## EXERCISE MATERIAL

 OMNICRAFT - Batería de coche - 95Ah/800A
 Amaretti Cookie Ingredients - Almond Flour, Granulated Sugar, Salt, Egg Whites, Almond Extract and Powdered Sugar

==

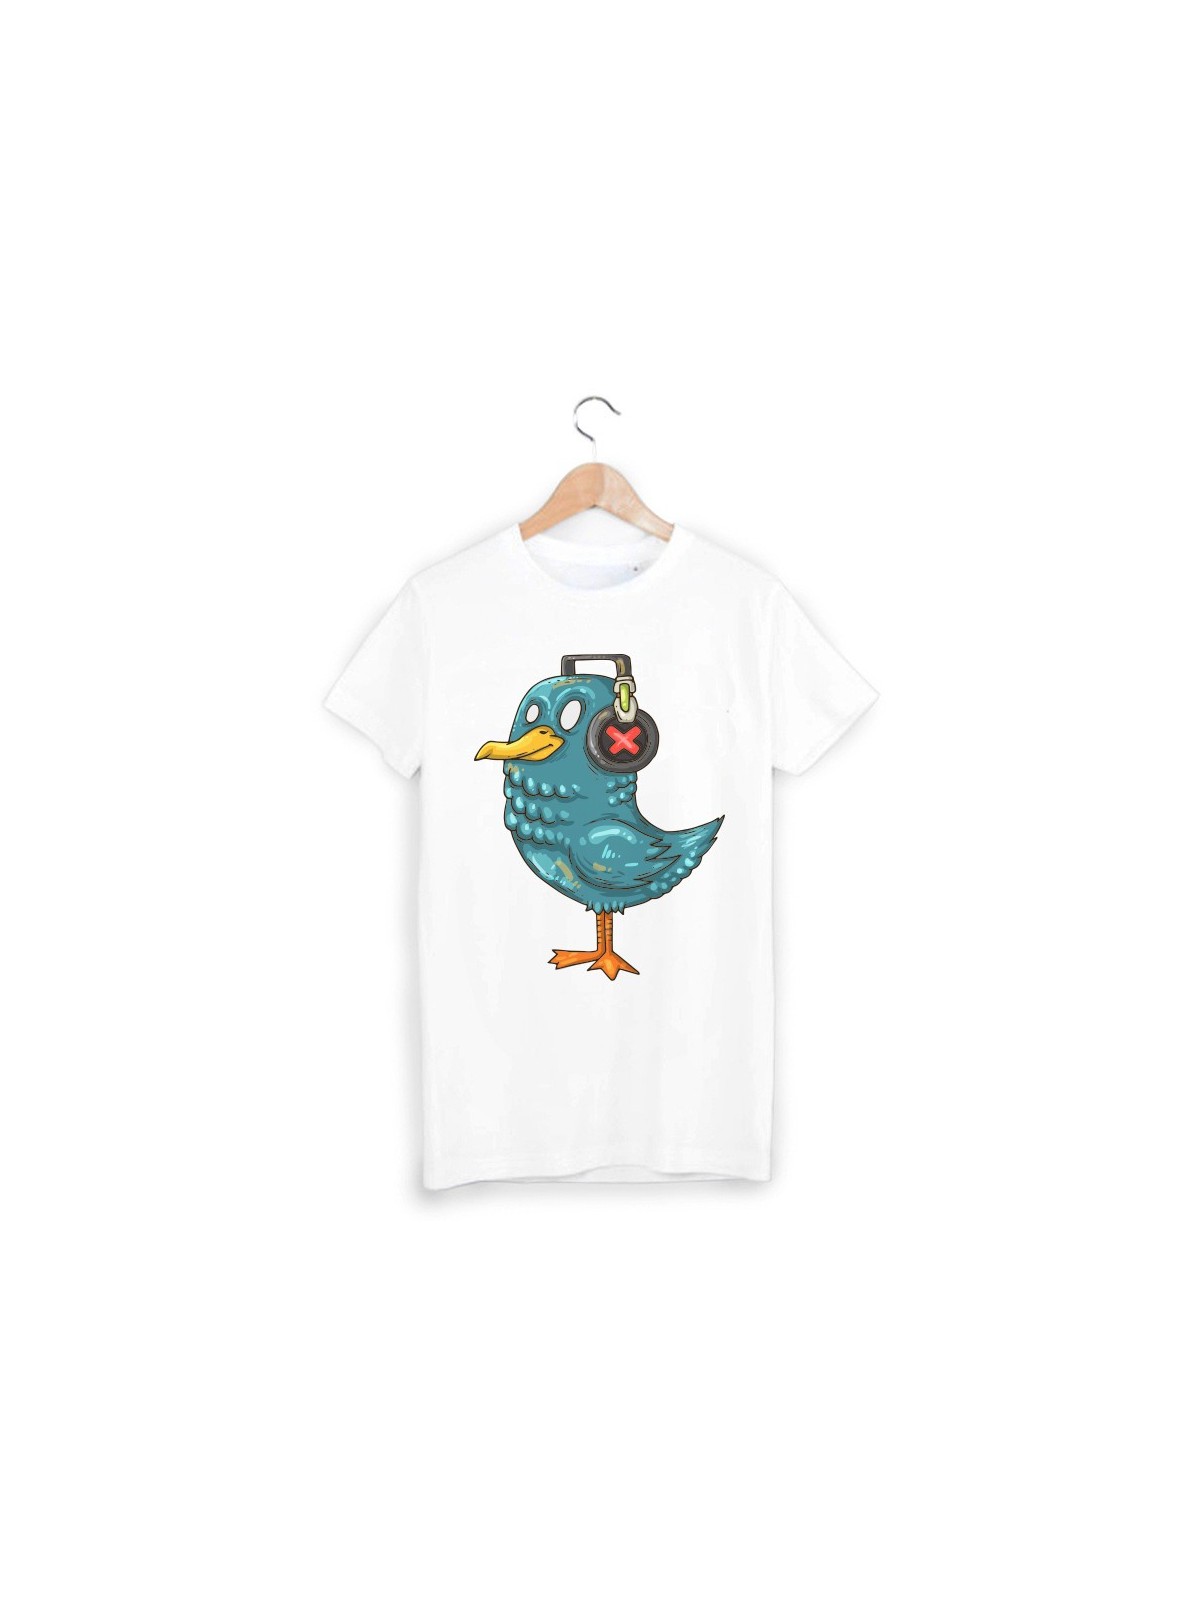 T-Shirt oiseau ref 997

## WORK TASK
Begin with the line that has "OMNICRAFT - Batería de coche - 95Ah/800A" in the listing above and end after the line that has "Amaretti Cookie Ingredients"; output those lines exactly.

## COMPLETED TASK
 OMNICRAFT - Batería de coche - 95Ah/800A
 Amaretti Cookie Ingredients - Almond Flour, Granulated Sugar, Salt, Egg Whites, Almond Extract and Powdered Sugar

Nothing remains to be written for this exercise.